All passive components are surface-mount types. The output stage for each channel appears to be based on a third LME49720, the two op-amps within the chip driving the hot and cold phases of the balanced output signal.
Tangled Up in Bluetooth
Ever since his company began distributing FoxL Bluetooth wireless speakers in the UK, Musical Fidelity's Antony Michaelson has been a big fan of streaming audio wirelessly via Bluetooth. I am not a fan, for two reasons: First, the limited bandwidth of a Bluetooth connection requires that the audio data be encoded using a lossy algorithm, which, if you're playing uncompressed or lossless-encoded files, imposes an unnecessary reduction in fidelity, and if you're playing files that are already lossy compressed, runs the risk of multiplying coding artifacts. Second, the first lossy Bluetooth codec I played with, A2DP, sounded poor and measured worse. An early version of the reputably superior aptX codec, which runs at 352kbps, and which I tried using a Creative Labs BT-D5 dongle on an iPod Touch, sounded and measured only slightly better than A2DP when I tried it with the Chordette Gem DAC, which Art Dudley reviewed in January 2011.
I was pleasantly surprised, therefore, when I tried using the M6DAC's Bluetooth connection using my 2012 MacBook Pro as the data source. The M6's display confirmed that the aptX codec was in use, and while music files ripped from CD were flattened in perspective and uninvolving overall, they also sounded smooth and inoffensive, as if the edges had been rounded off a little. By comparison, the plain-Jane apt codec, which I used when streaming music via Bluetooth from my iPad 2 to the M6DAC, sounded annoyingly harsh.
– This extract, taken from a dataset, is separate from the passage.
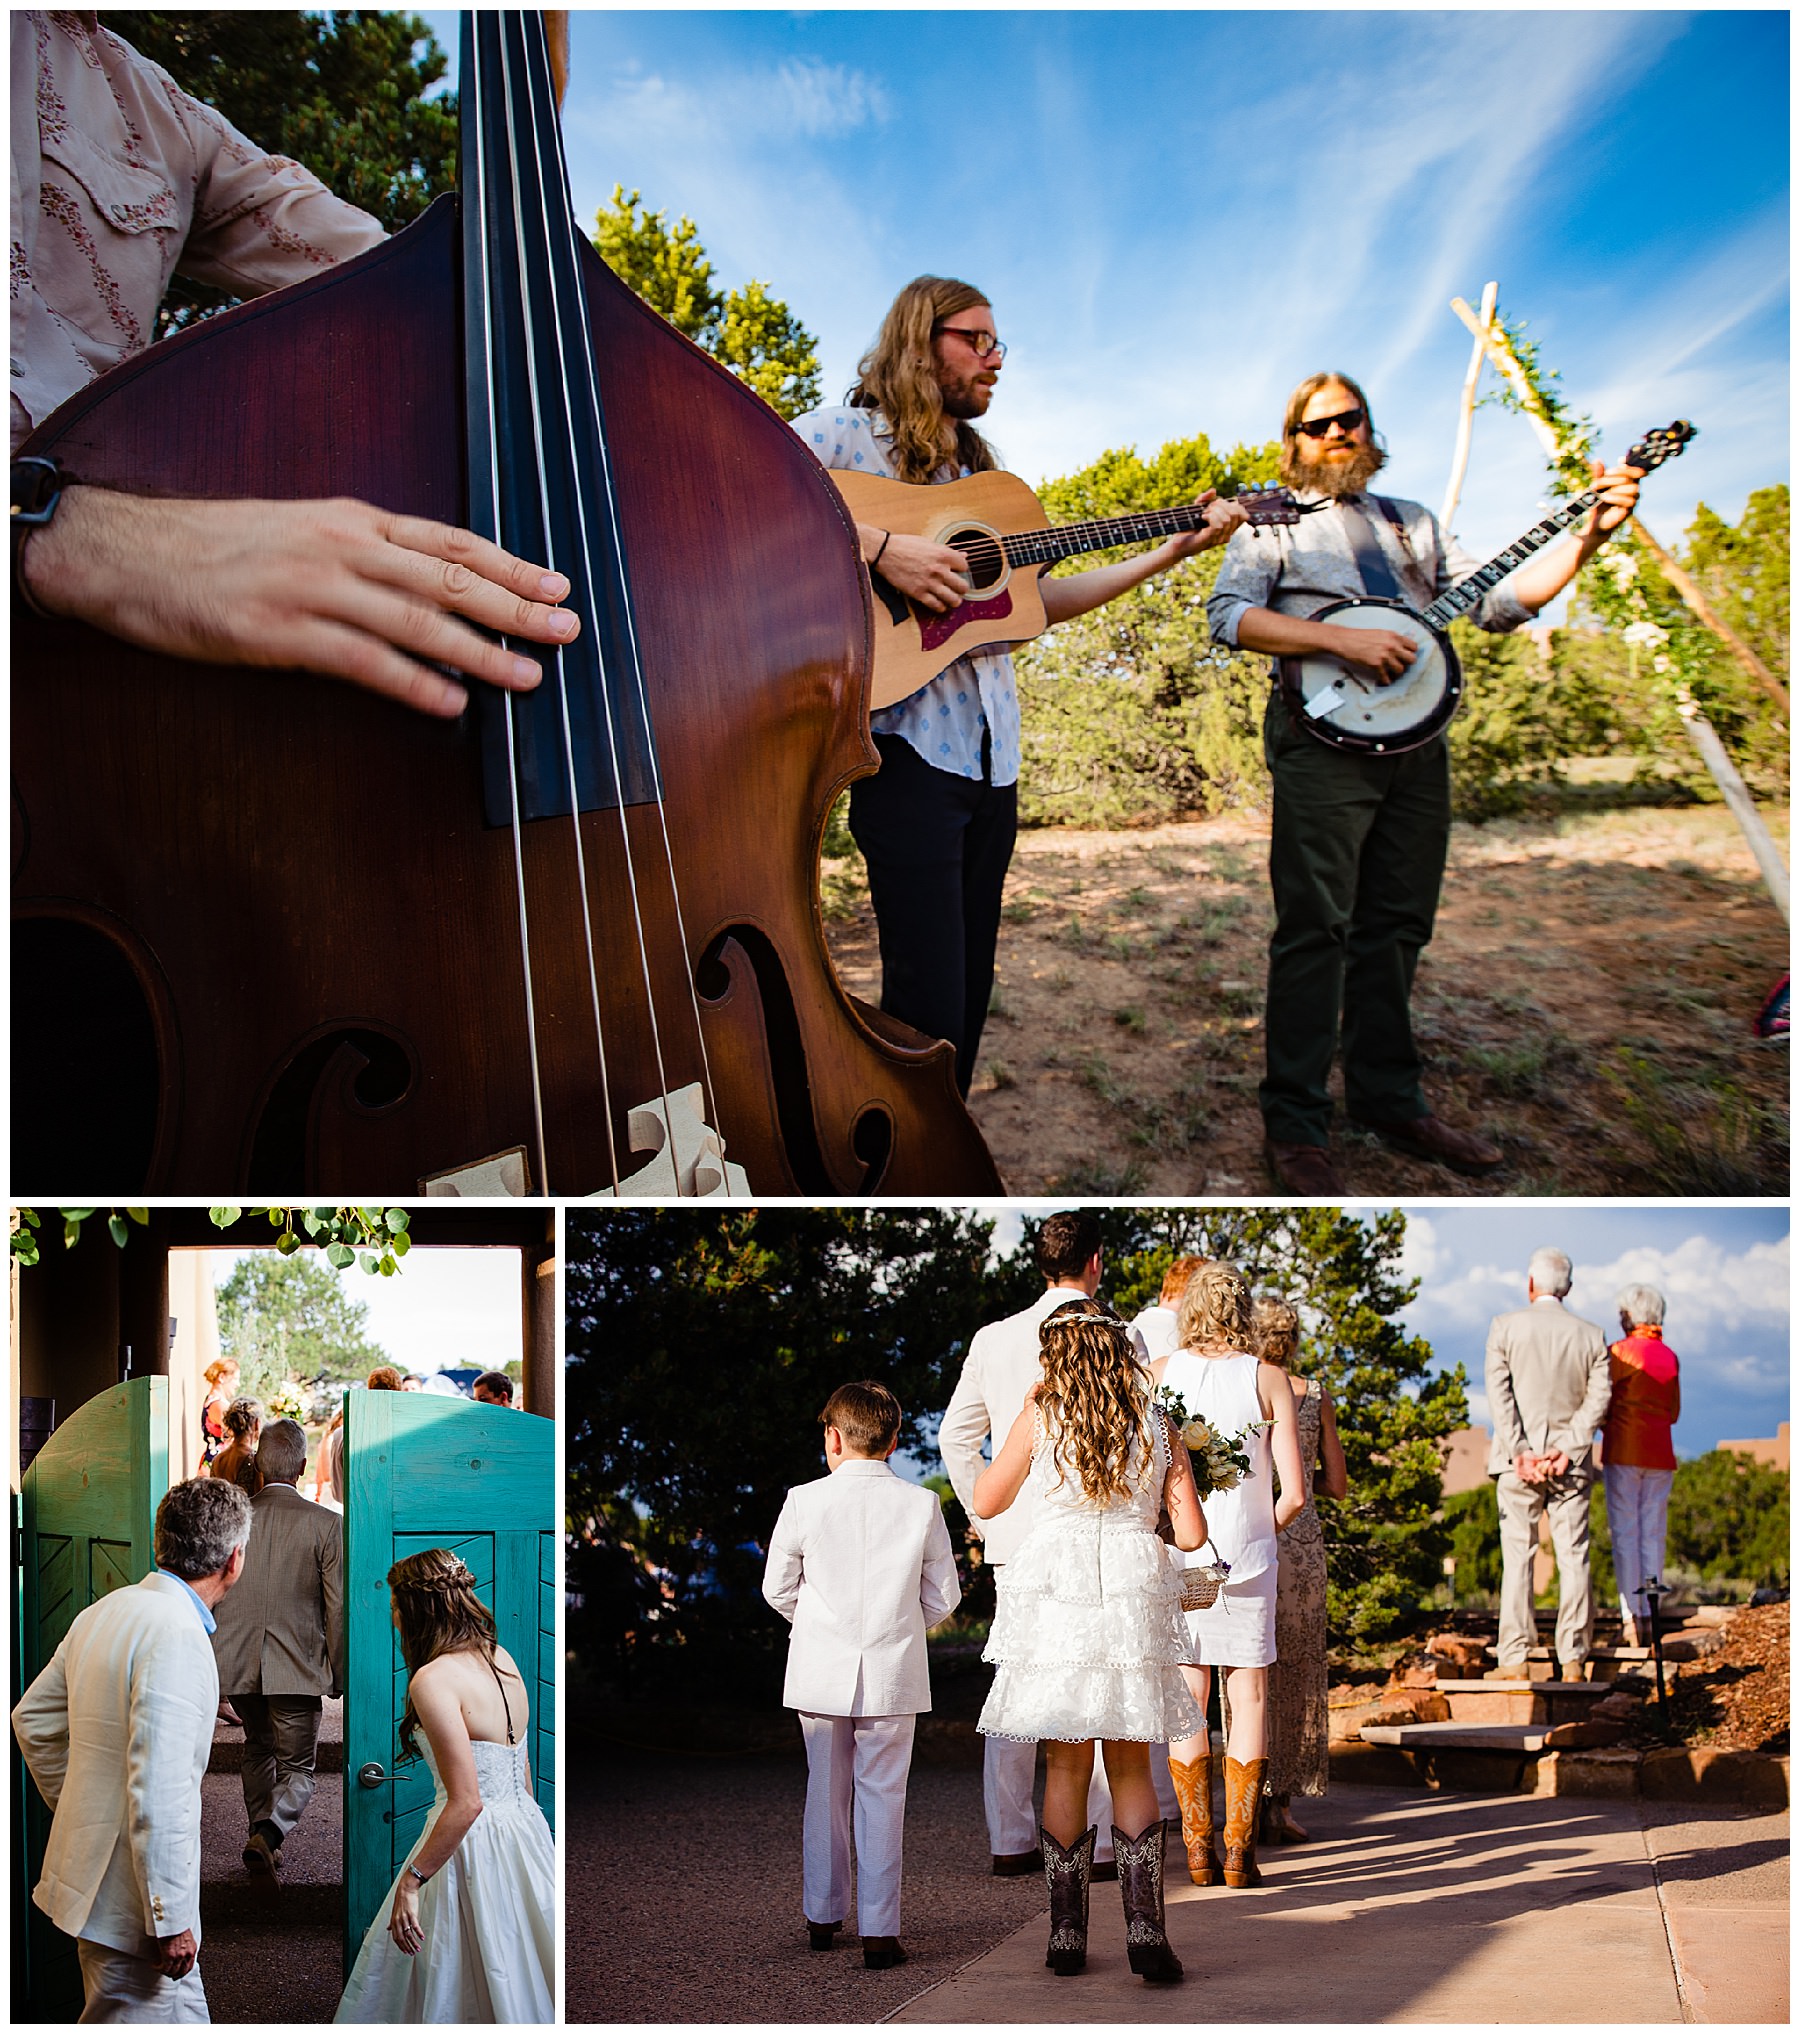 Blue grass band at backyard wedding in Santa Fe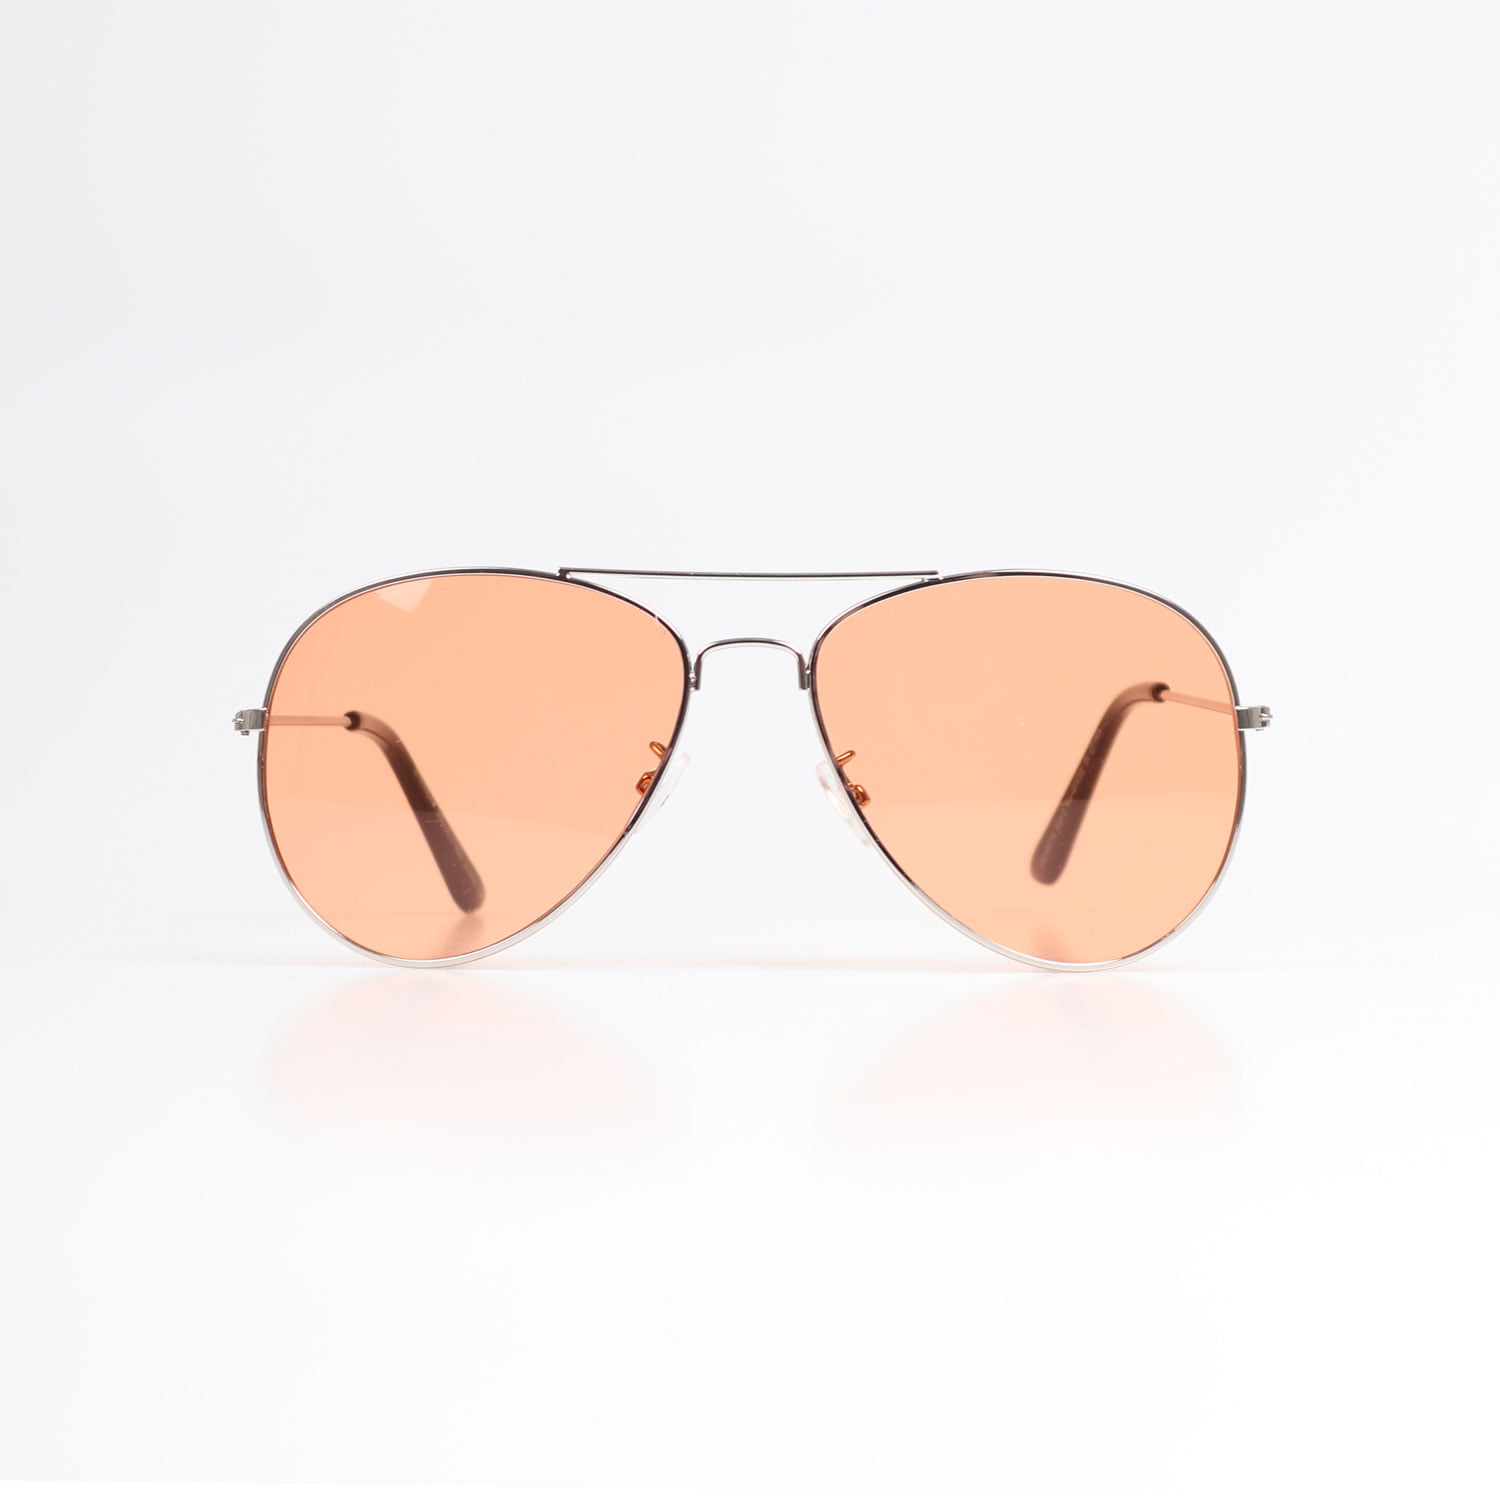 Masterpiece Aviator Sunglasses - Orange Lenses/Silver

According to Musical Fidelity, while aptX is limited to 16-bit/48kHz data, the M6DAC provides the aptX chip with its own power supply and directly couples it via i2S to the sample-rate converter chip. Certainly I found that the M6DAC's Bluetooth connection worked well for casual listening, and especially for streaming spoken-word Internet stations such as Manhattan's NPR station, WNYC, regardless of cascaded codecs.
Sound Quality
For critical listening, however, I used the M6DAC's USB or AES/EBU connections, both of which worked reliably up to 192kHz. And with either connection and with all kinds of music, I could hear no difference at all between the Slow and Fast Roll Off filter settings. One reviewer said the difference was "subtle"; I think it nonexistent. I discuss the behavior of the two filters in this review's "Measurements" sidebar, where it appears there was no measurable difference between the two filters below 96kHz. It is not surprising, therefore, that they sounded identical. A more cynical reviewer might suggest that the Filter button was included for marketing reasons; I continued my auditioning using only the Fast Roll Off filter.